Mark your calendar for April 26. That’s the first night of the NFL draft. And it will be worth staying up to the very end to see Commissioner Roger Goodell stand before those yahoos in Dallas to announce, “With the 32nd and final pick of the first round, the World Champion Philadelphia Eagles select . . . “
The Eagles don’t have a 2nd-round pick, but I’ll trust Howie Roseman to get one. Round 2 comes the next day, and I need Brian Dawkins to strut to the stage and represent our team. Perhaps No. 20 will sing a chorus of “Fly Eagles Fly,” as those Cowboys jackwagons cry into their Lone Stars.
These are just a few of the early benefits we’ll see from our great city’s first Super Bowl win. See, even as you’re still warm in the afterglow of Brandon Graham’s strip-sack and Thursday’s parade, the great times are just beginning. The Eagles championship promises to drop fun bombs throughout the rest of the year that we’ve never experienced before.
There will be NFL Network specials on the Eagles that you’ll save on the DVR. Nick Foles and Carson Wentz will throw out the first pitch at the Phillies opener. There will be lovefests at the open training camp scrimmages (here’s hoping the Eagles increase the number). From Callowhill to Conshohocken to Cancun you’ll nod at fellow fans everywhere in championship swag.
The title-winning team usually holds its ring ceremony around June. It may be a private affair, but you’ll get to watch coverage. My hunch is that owner Jeff Lurie springs for jewelry the size of a bagel, with the Eagles logo in emerald green, surrounded by 52 diamonds.
In August, Dawkins and Terrell Owens get inducted into the Pro Football Hall of Fame. A midnight green sea of fans will engulf Canton, Ohio just as a tsunami of Phillies red overtook Cooperstown when Richie Ashburn and Mike Schmidt got baseball immortality in 1995.
Of course, the best night will be Thursday, Sept. 6 as the regular season kicks off with the defending champions playing at home. The NFL tries to schedule a compelling opener, so I’m guessing we’ll see an NFC title game rematch, with the Vikings coming here under new offensive coordinator John DeFilippo.
Arrive early. You don’t want to miss seeing the first “Super Bowl Champions” banner unfurled above Lincoln Financial Field.

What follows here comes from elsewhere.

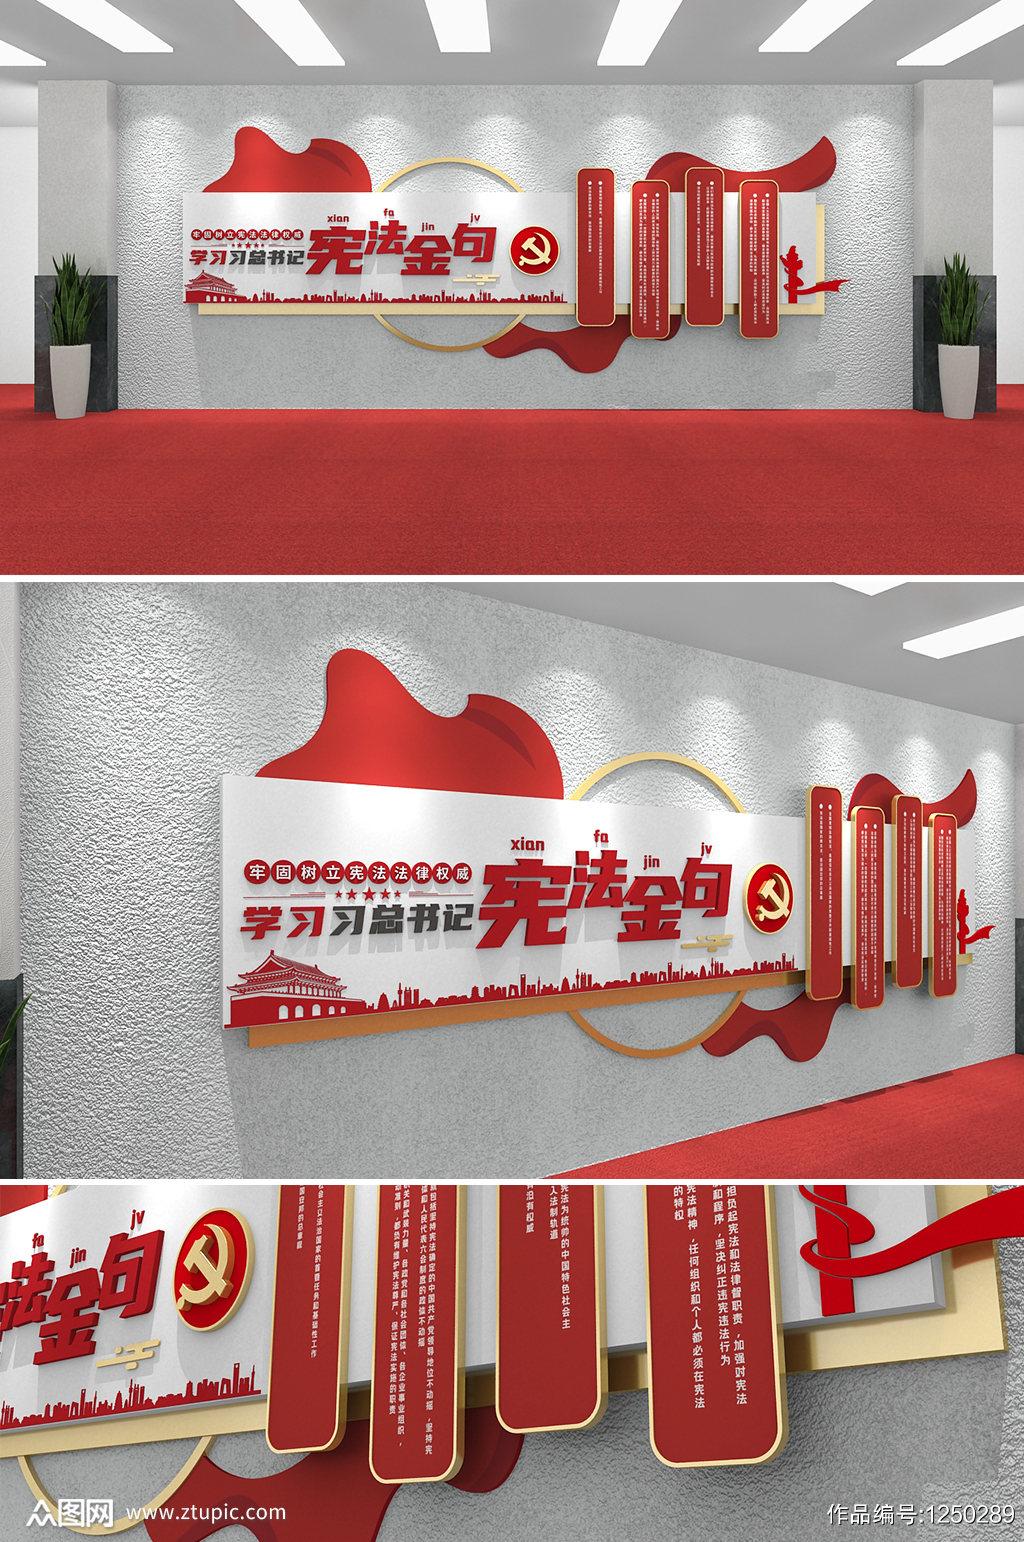 党建宪法金句总书记金句党建文化墙素材

Bring a hankie, you may need it.
That should be the first of six primetime games – the maximum the NFL allows a team. The Eagles – your guys – are now the league’s marquee franchise. Or the gold standard, if you will. If you believe Cris Collinsworth is biased against the Birds, you’ll take immense pleasure each time he has to cough out the words “world champions.”
The benefits of this one will never end. Ten years from now, you’ll reenact the “Philly Special” at tailgate parties. Twenty years from now you’ll attend a championship team reunion at the Linc (or wherever they play then), marveling at how well Doug Pederson has aged.
They’ll give Kelce center stage at that 2037 reunion, although the Mummer’s costume might fit more snugly. And he’ll belt out a reprise of The Speech.
And you’ll remember, and savor, every last word.